In accordance with another aspect of the present invention, other objects are achieved by a 213Bi generator resin material for separation of 213Bi from a solution of parental radionuclides wherein the resin material is capable of providing clinical quantities of 213Bi of at least 20-mCi wherein the resin material comprises a silica-based structure having at least one bifunctional ligand covalently attached to the surface of the silica-based structure. The bifunctional ligand comprises a chemical group having desirable surface functionality to enable the covalent attachment of the bifunctional ligand thereon the surface of the structure. The bifunctional ligand further comprises a second chemical group capable of binding and holding the parental radionuclides on the resin material while allowing the 213Bi daughter to elute off the resin material and wherein the bifunctional ligand has a carbon chain with a limited number of carbons to maintain radiation stability of the resin material.
In the drawings:
For a better understanding of the present invention, together with other and further objects, advantages and capabilities thereof, reference is made to the following disclosure and appended claims in connection with the above-described drawings.

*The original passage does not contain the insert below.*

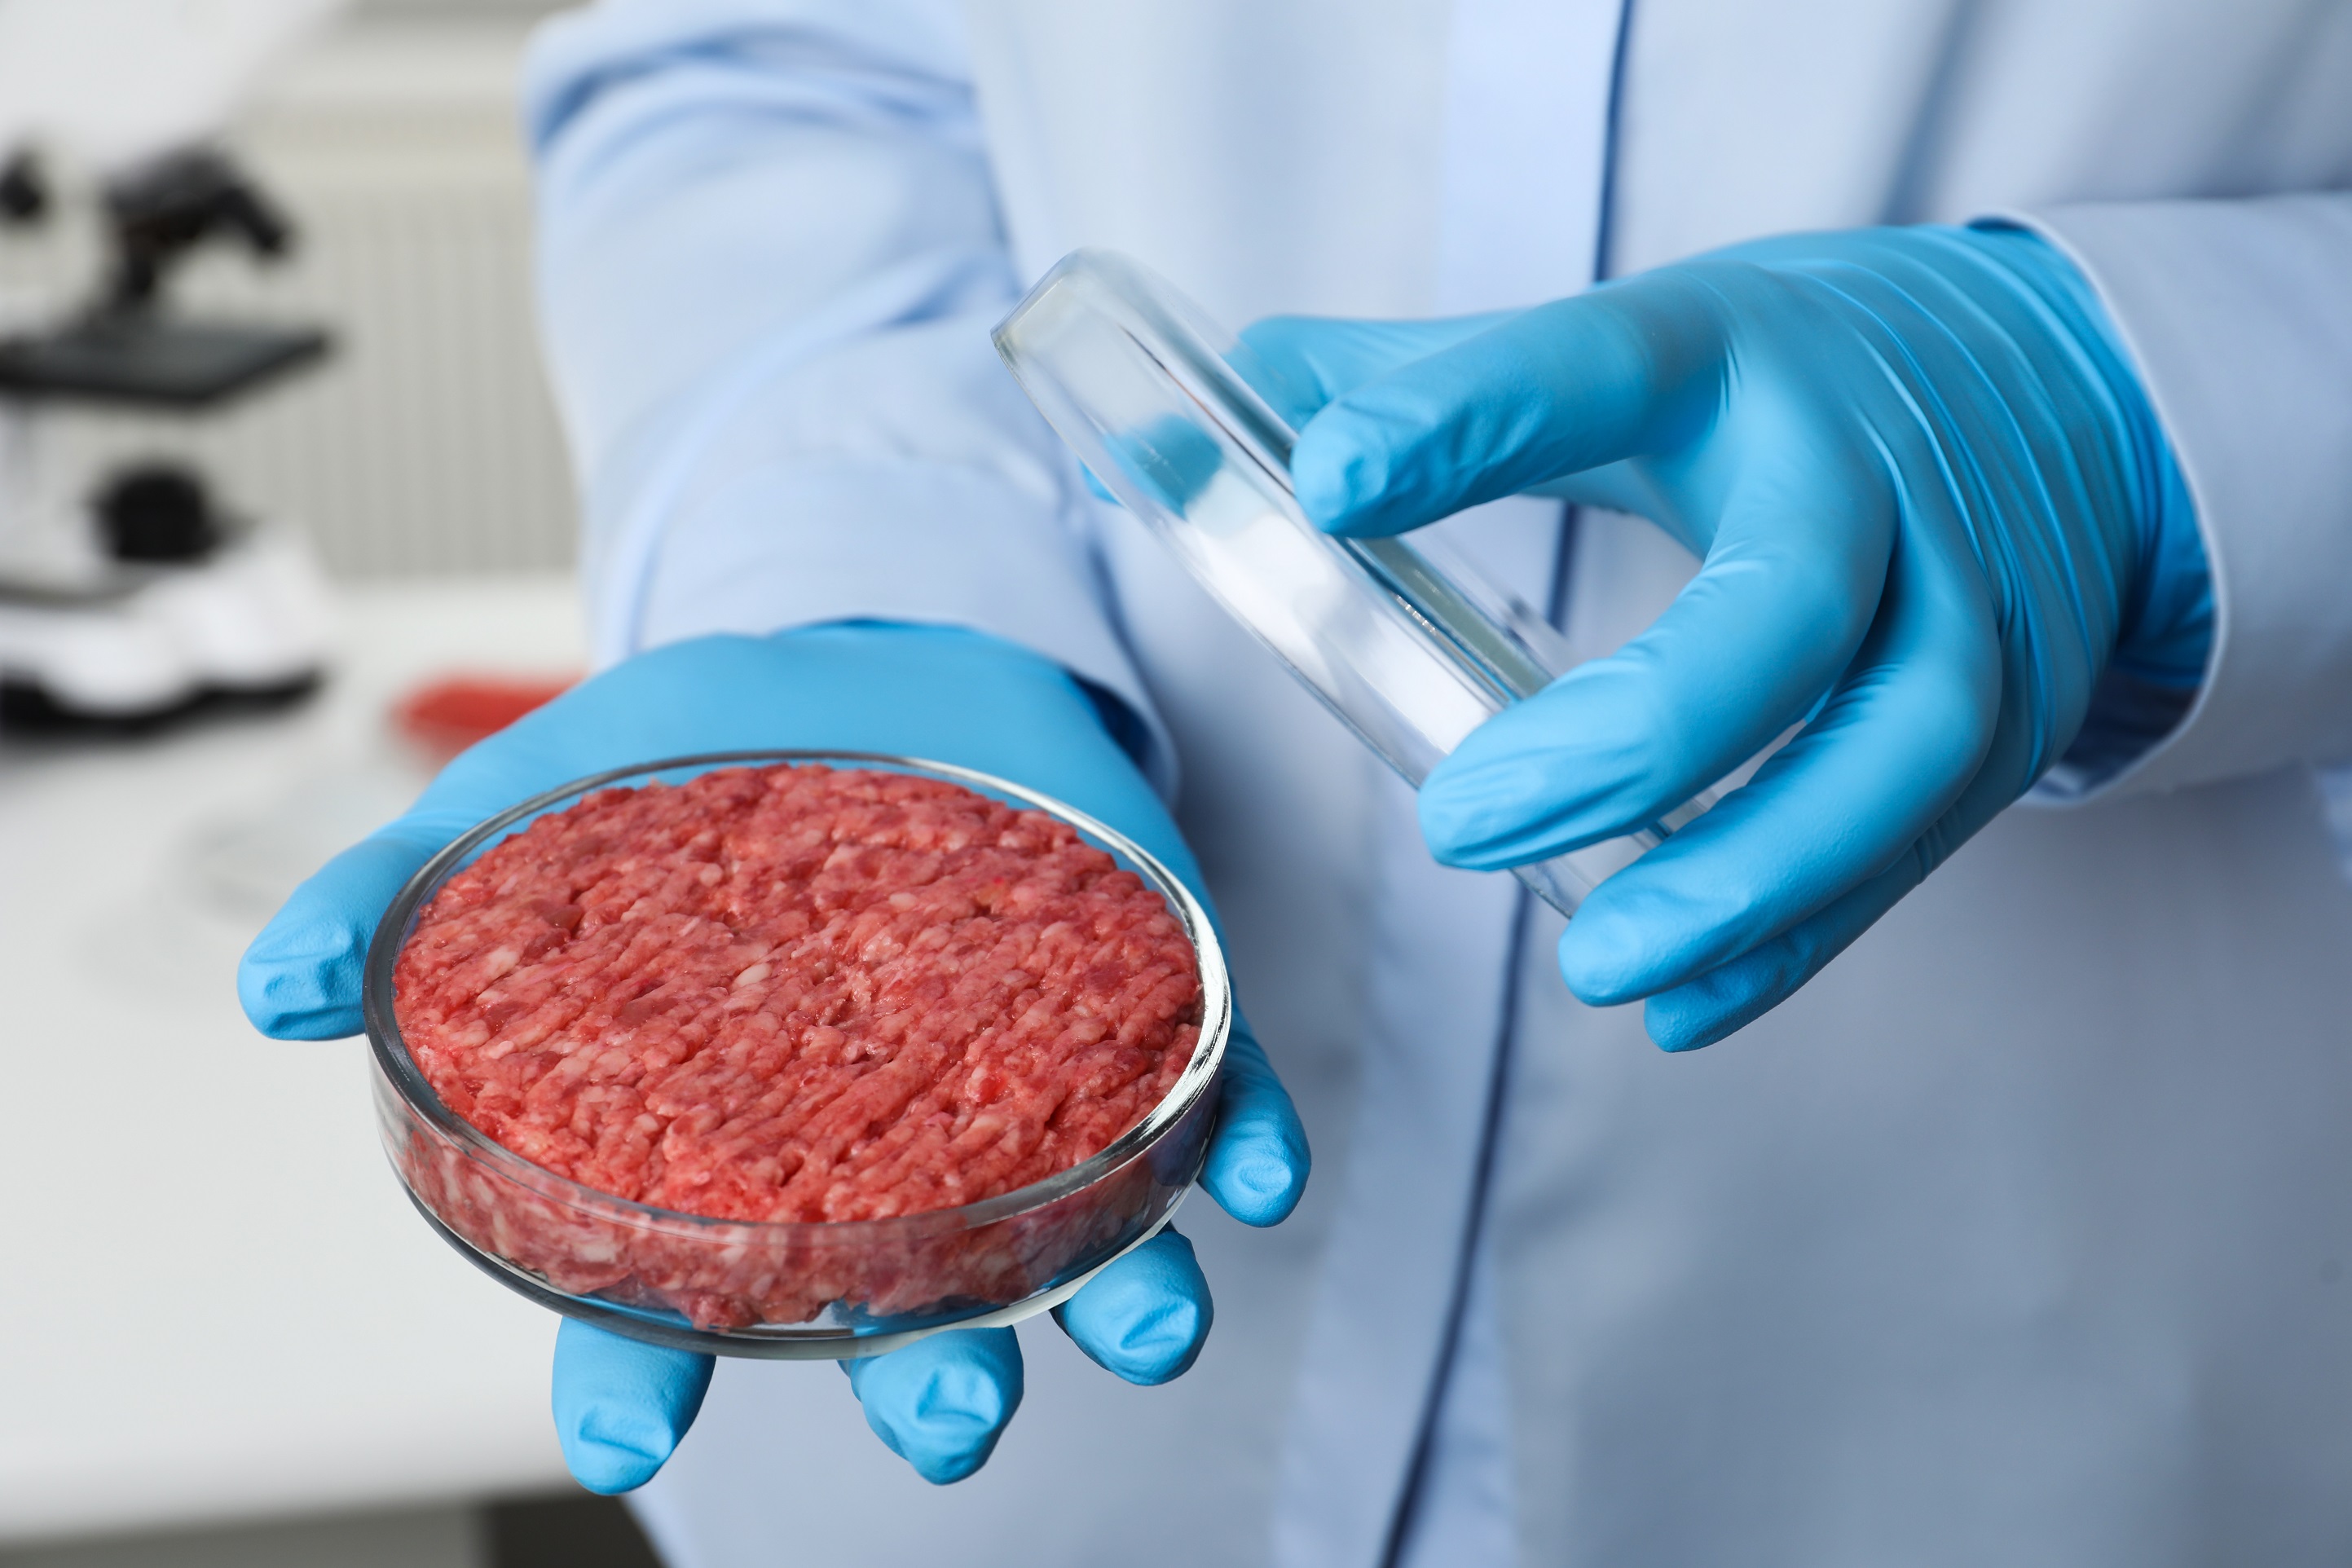 La Suisse sera-t-elle le premier pays d'Europe a autorisé la vente de viande cultivée en laboratoire ? © New Africa, Shutterstock

Applicant's invention disclosed and claimed herein is an improved generator of inorganic resin capable of providing clinical quantities of 213Bi (at least 20-mCi) while simultaneously improving the generator yield and purity. Currently, commercially available polymer-based cation exchange resins such as BioRad® AG-50 (polystyrene-divinylbenzene sulfonic acid resin) (BioRad) or BioRad® MP-50 (macroporous polystyrene-divinylbenzene-quaternary ammonium resin) (BioRad), are used in clinical 213Bi generators. Cation exchange resins made of an organic polymer resin tend to deteriorate over time in high radiation field from high levels of 225Ac (20 mCi). Commercially available BioRad® AG-50 or BioRad® MP-50 resins use a sulfonic acid functional group to bind both 225Ac and 213Bi in dilute nitric acids, while releasing the Bi ions when iodide ions are present in the eluent. Applicant's invention uses an inorganic silica-based material for the backbone of the resin and a bifunctional sulfonic acid ligand which is grafted via a short organic chain, preferably 4 carbons or less, to the surface of the inorganic material. The organic chain is limited in the number of carbons so to maintain radiation stability of the resin material. Obviously, the use of a long, organic chain for linking the functional groups to the resin backbone, defeats the purpose. It is well known that inorganic materials exhibit higher radiation stability than organic material. The inorganic silica-based resin of the present invention has demonstrated good radiation resistance while performing similar to the organic-based resin with respect to retention of 225AC, and elution of 213Bi. Applicant's resin material can also be used for radiochemical separations of 213Bi from a solution of other parental radionuclides as well as for radiochemical separations of other daughter radionuclides from solutions of parental radionuclides as well.
Applicant's invention replaces the commercially available organic-based resins that have limitations in lifetime due to radiolysis, with an inorganic-based resin having superior radiation resistance. This replacement of the resin backbone with inorganic material minimizes radiation damage to the resin's support. The silica-based cation-exchanger 225Ac/213Bi generator of Applicant's present invention was designed to demonstrate the required selectivity, comparable capacity, and, most importantly, higher radiation resistance.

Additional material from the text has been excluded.